--- PROBLEM TO WORK ON ---
The required output is the stretch from the line containing "Nebraska State Journal" through the line containing "30 August 1910, p2 (cont)" in the records below, unaltered and with no pictures.

[PROVIDED DATA — start]

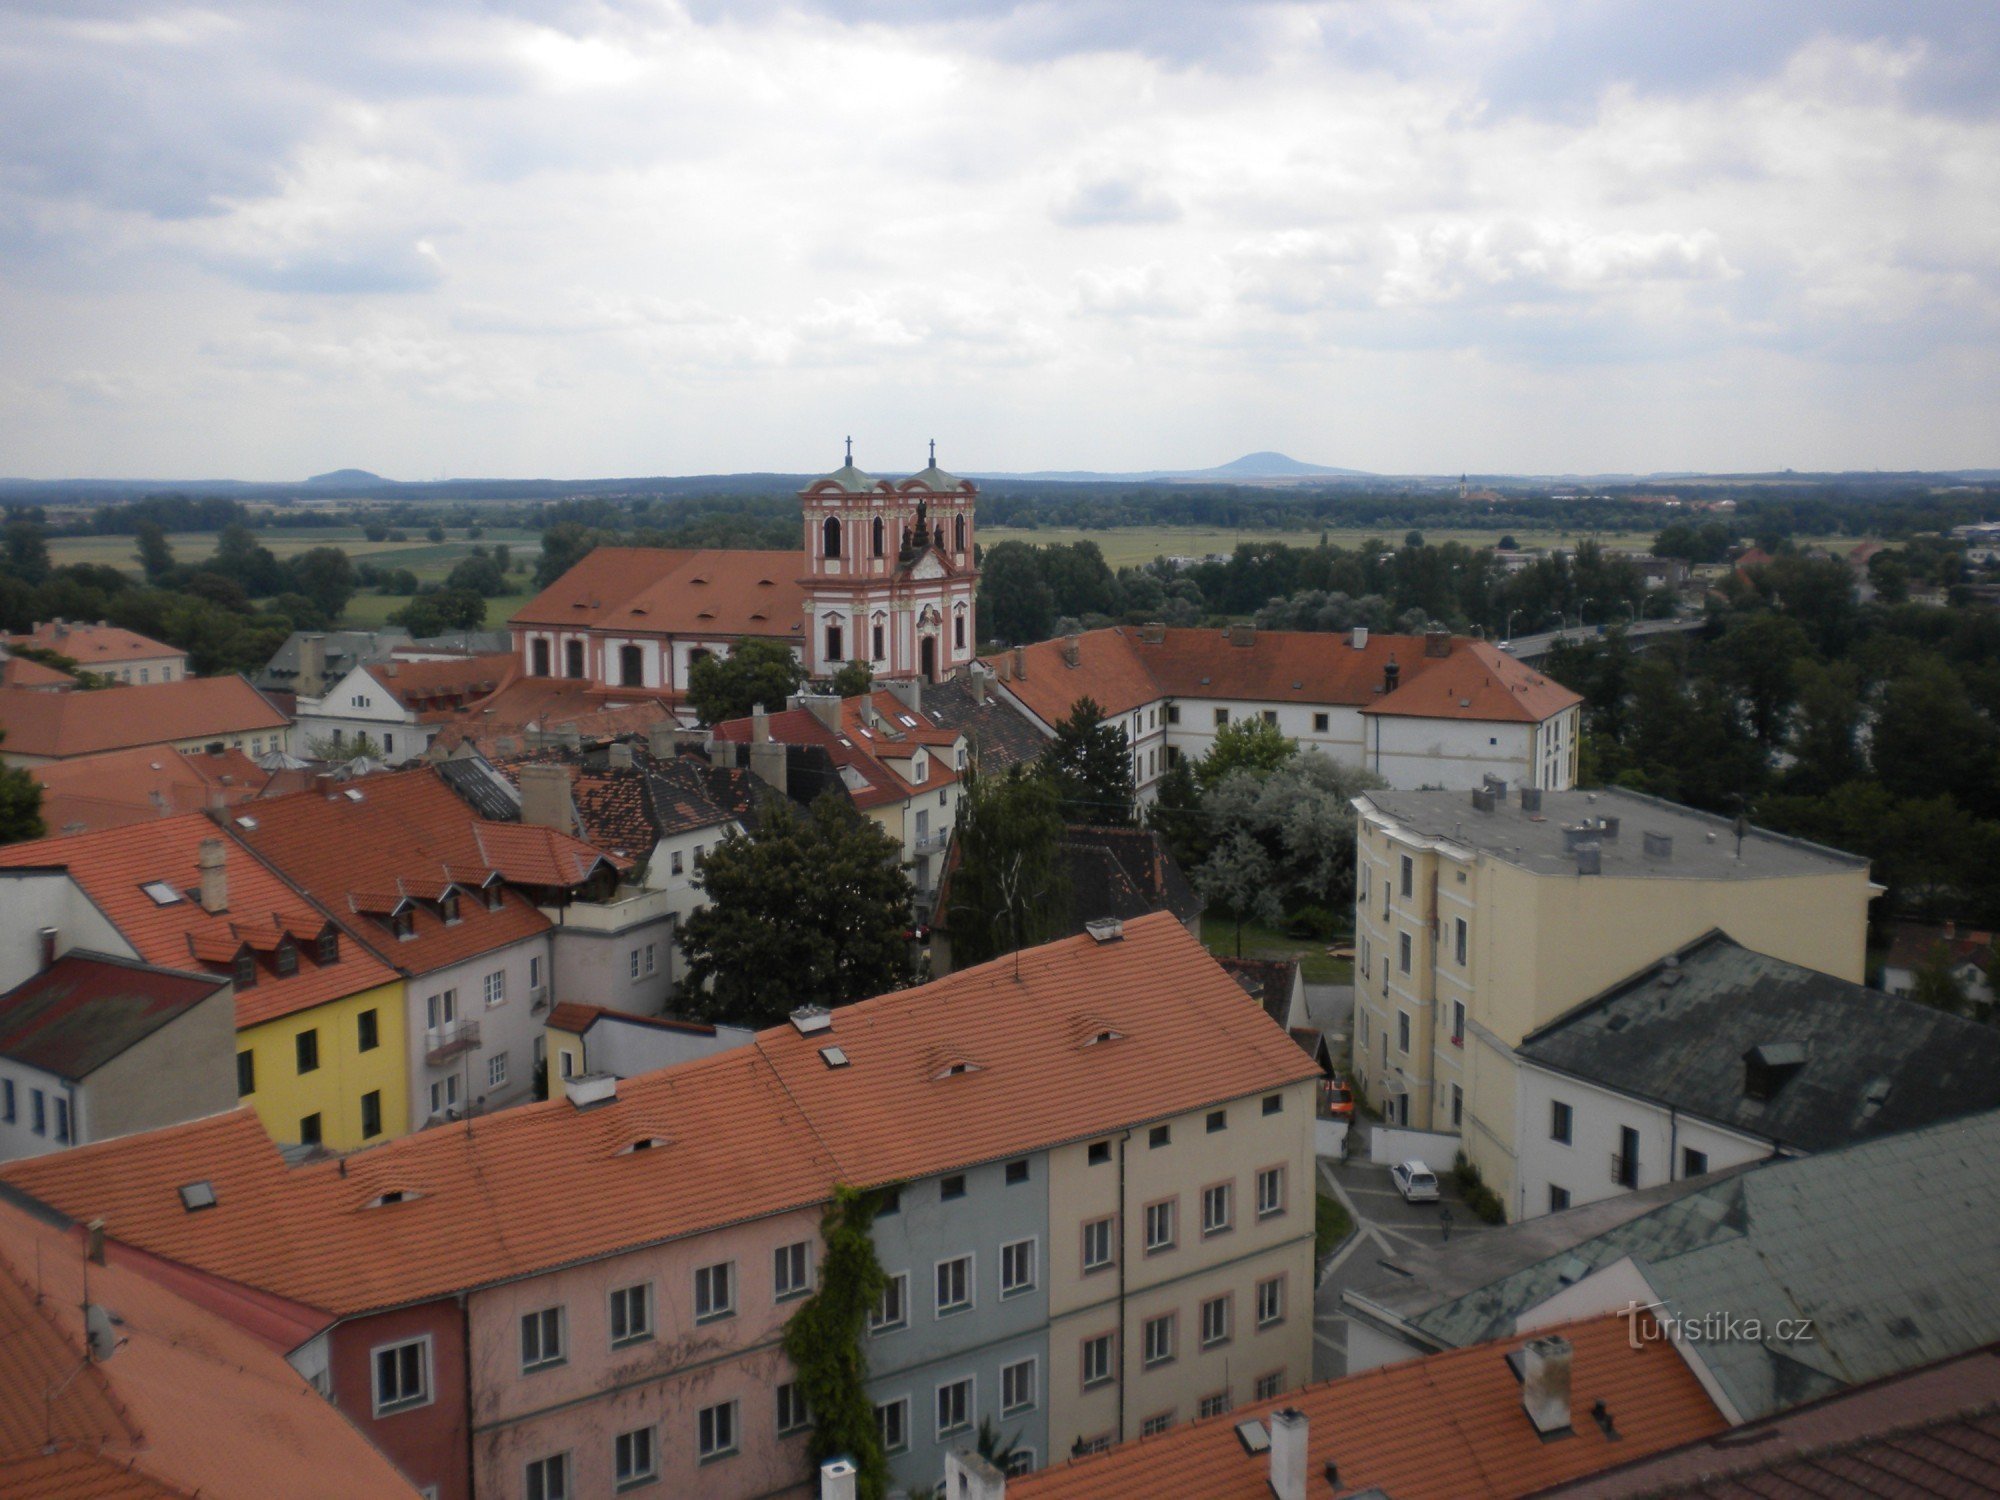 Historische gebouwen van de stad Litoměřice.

[PROVIDED DATA — finish]
[PROVIDED DATA — start]

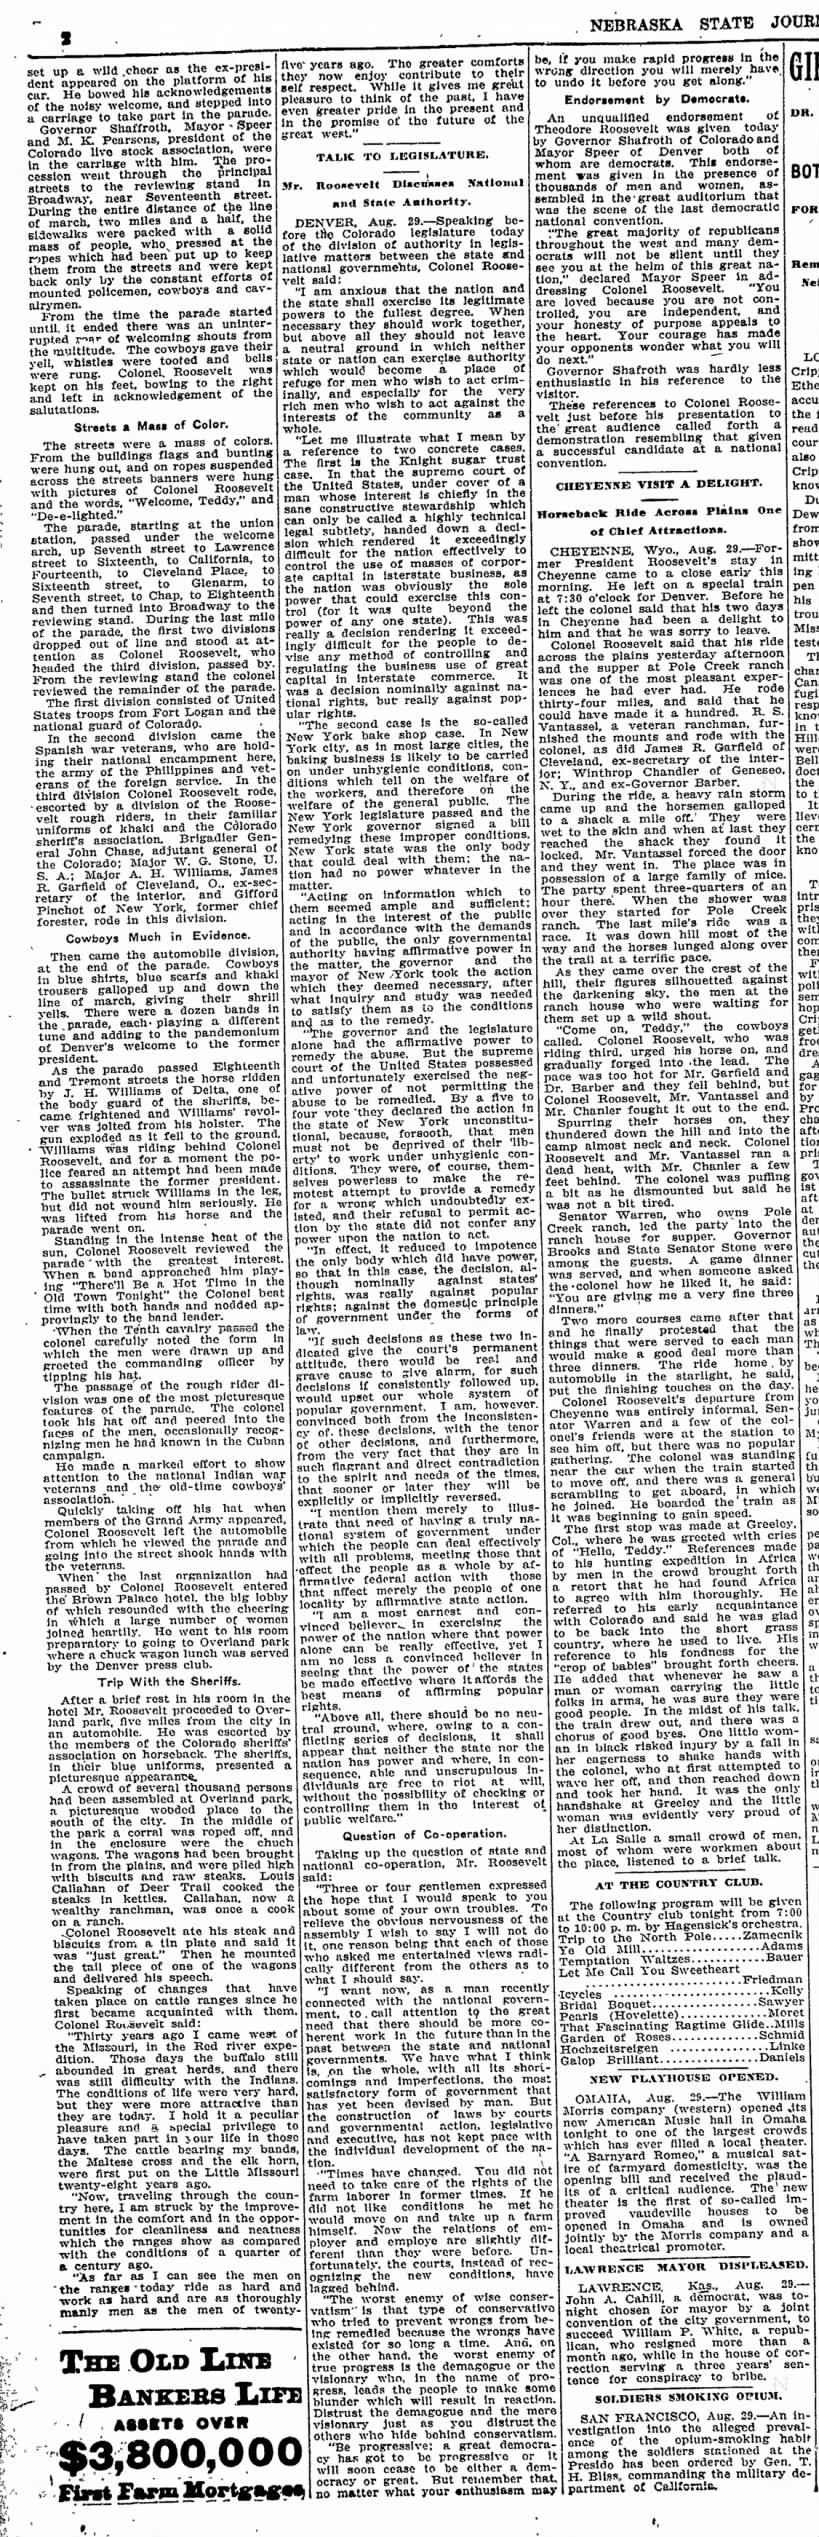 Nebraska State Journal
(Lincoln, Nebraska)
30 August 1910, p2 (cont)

[PROVIDED DATA — finish]
[PROVIDED DATA — start]

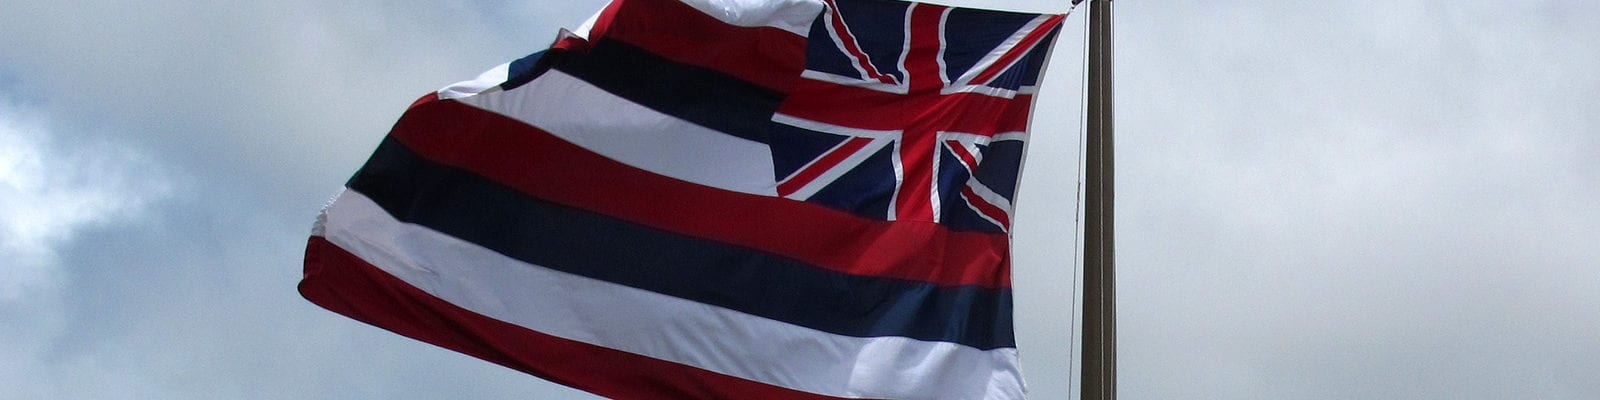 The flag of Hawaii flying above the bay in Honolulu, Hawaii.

[PROVIDED DATA — finish]

--- EXERCISE RESPONSE ---
 Nebraska State Journal
(Lincoln, Nebraska)
30 August 1910, p2 (cont)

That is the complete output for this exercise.